**DATASET EXCERPTS:**
******************************

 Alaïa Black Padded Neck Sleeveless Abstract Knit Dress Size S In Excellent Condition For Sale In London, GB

******************************

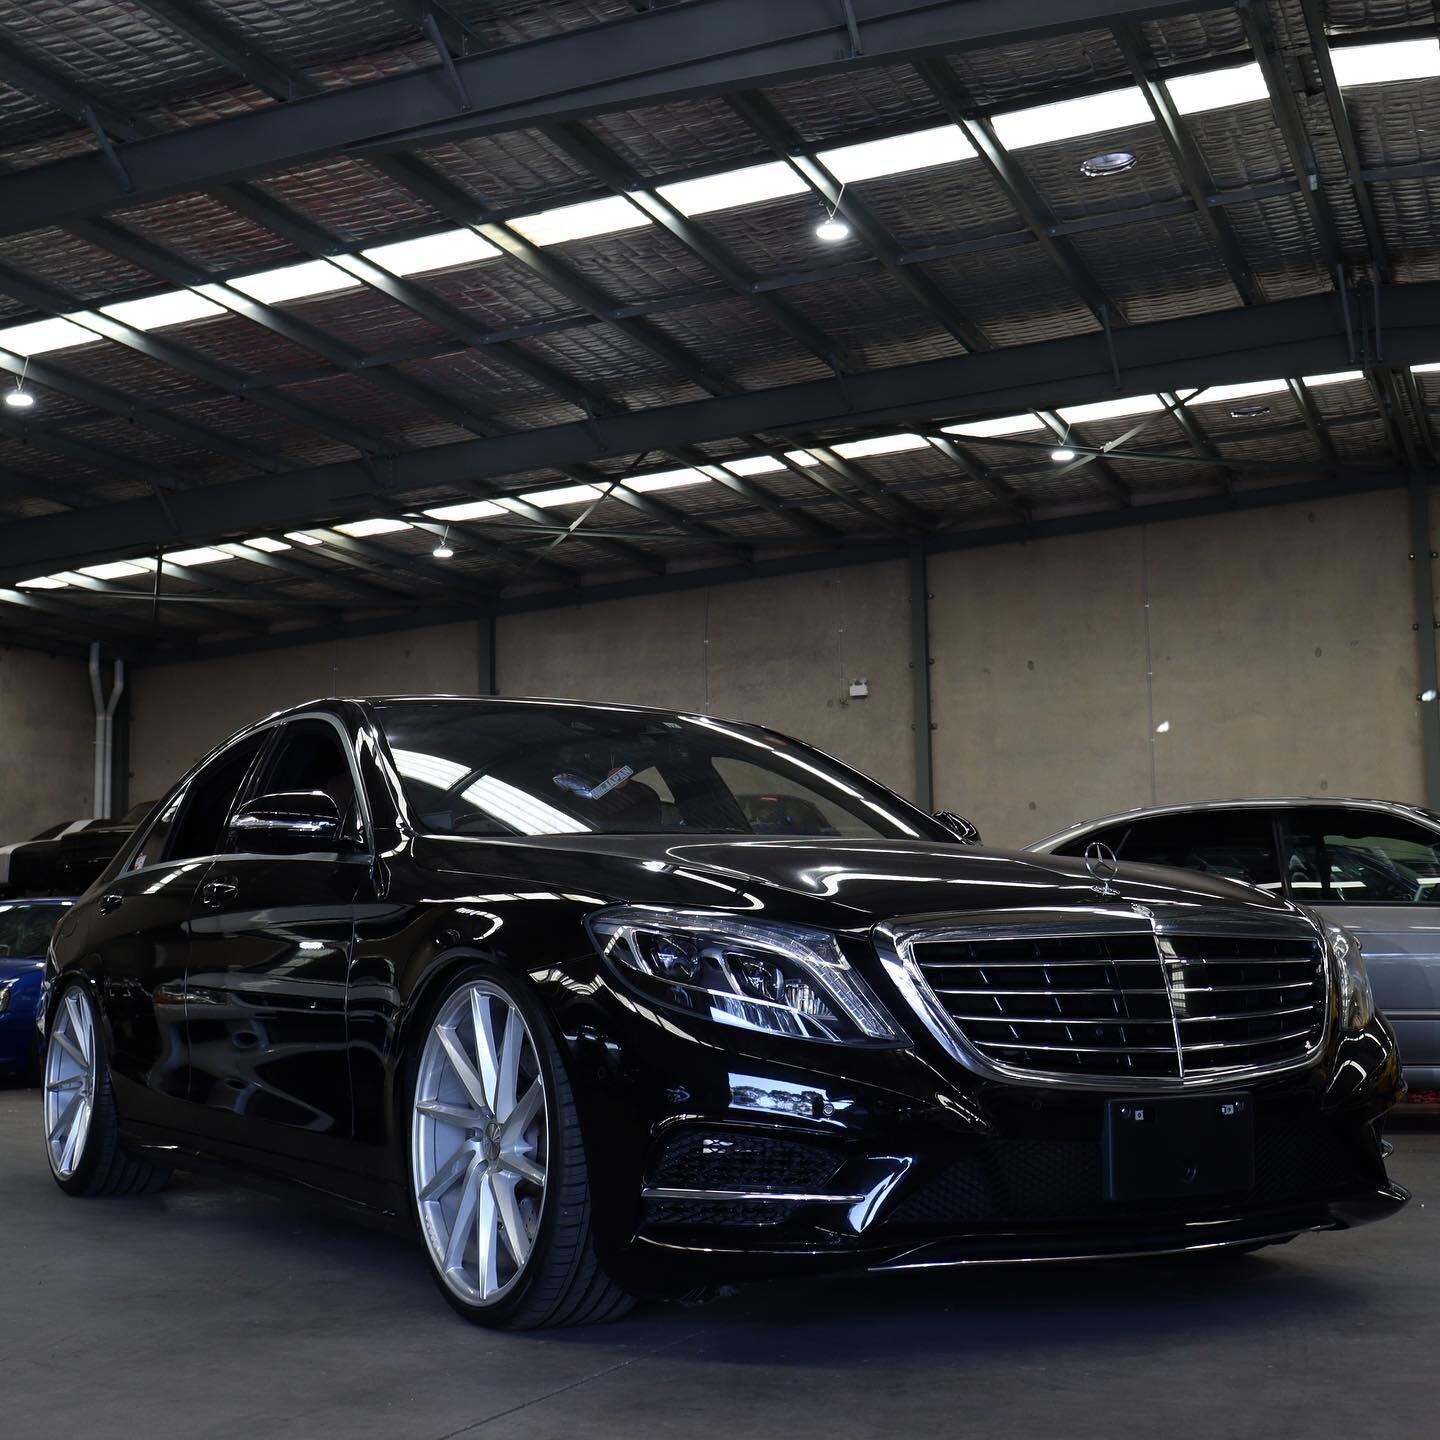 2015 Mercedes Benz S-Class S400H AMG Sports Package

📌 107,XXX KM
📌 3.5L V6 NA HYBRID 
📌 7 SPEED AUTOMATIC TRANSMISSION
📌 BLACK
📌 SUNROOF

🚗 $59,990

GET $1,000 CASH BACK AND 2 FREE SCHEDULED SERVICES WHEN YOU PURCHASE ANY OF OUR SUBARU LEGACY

******************************

**REQUIRED WORK:**
With the line holding "SPEED AUTOMATIC TRANSMISSION" as the first and the line holding "GET $1,000 CASH" as the last, please transcribe exactly the lines of the material above in that range and nothing else.

**SOLUTION TO THIS EXERCISE:**
📌 7 SPEED AUTOMATIC TRANSMISSION
📌 BLACK
📌 SUNROOF

🚗 $59,990

GET $1,000 CASH BACK AND 2 FREE SCHEDULED SERVICES WHEN YOU PURCHASE ANY OF OUR SUBARU LEGACY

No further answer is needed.